Paul Knitter (Union Theological Seminary)

5 p.m.

Heights Room, Boston College

Respondents:

Jenny Aker (Tufts University)

Joe Kaboski (Ohio State University)


Symposium

(By invitation only)

Connors Conference Center, Dover, Mass.

Friday, October 8

8:30-9:30 a.m.: Eliott Dorff (Baylor University)

9:30-10:30 a.m.: Walid El-Ansary (University of South Carolina)

11:00-12:00 a.m.: Caner Dagli (College of the Holy Cross)

Lunch

2:00-3:00 p.m.: Katherine Marshall (Georgetown University)

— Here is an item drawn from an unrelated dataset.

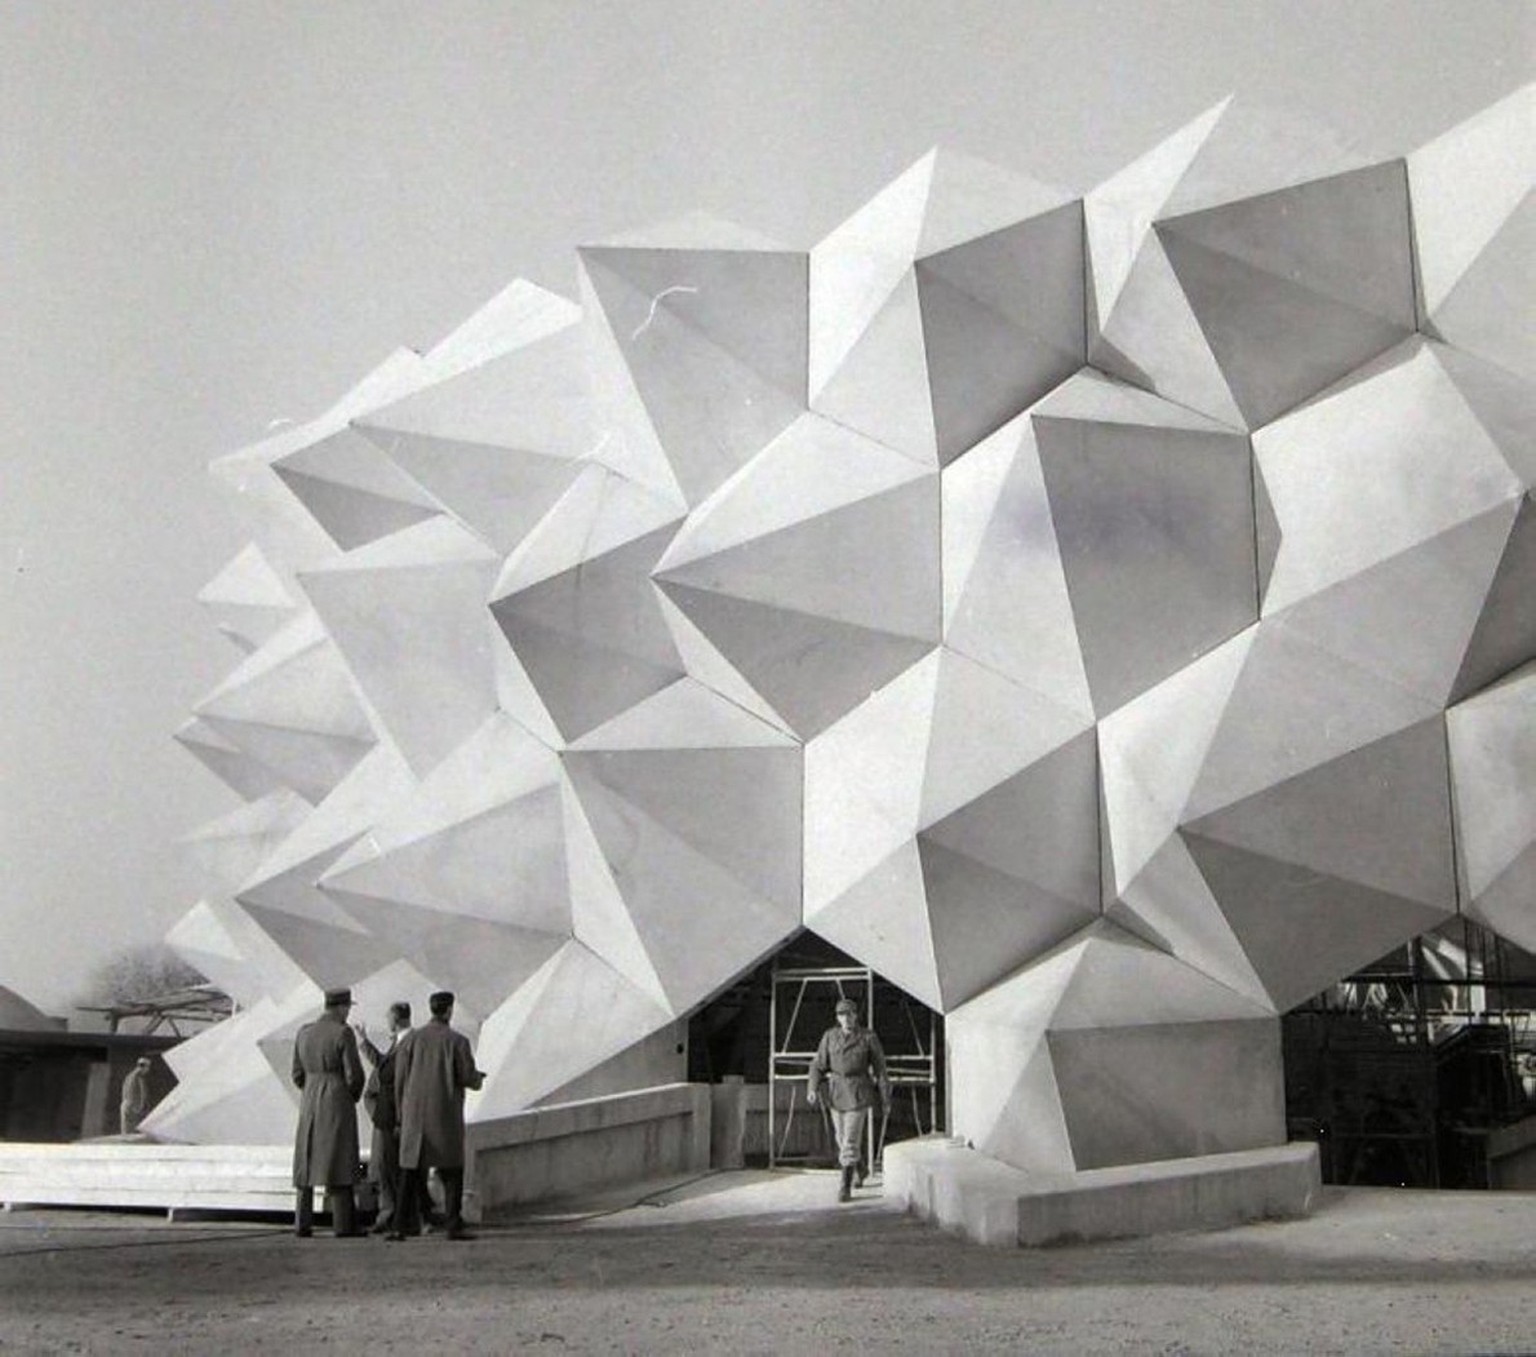 Le pavillon principal de l’Expo 64 de Lausanne, en forme de hérisson: L’exposition nationale était imprégnée de l’atmosphère de la guerre froide et de l’idéologie de la défense nationale.

3:00-4:00 p.m.: Laurenti Magesa (Hekima University, Kenya)

4:30-5:30 p.m.: James Buchanan (Bruggeman Center for Interreligious Dialogue, Cincinnati)

Saturday, October 9

8:30-9:30 a.m.: Donald Swearer (Harvard Center for the Study of World Religions)

9:30-10:30 a.m.: Christopher Ives (Stonehill College)

11:00-12:00 a.m.: David Loy (Xavier University)

Lunch

1:00-2:00 p.m.: Ishanaa Rambachan (Oxford University)

2:00-3:00 p.m.: Siddhartha (Fireflies Ashram, Bangalore)

Organizing committee

Catherine Cornille, John Makransky, James Morris, Ruth Langer, Peter Ireland.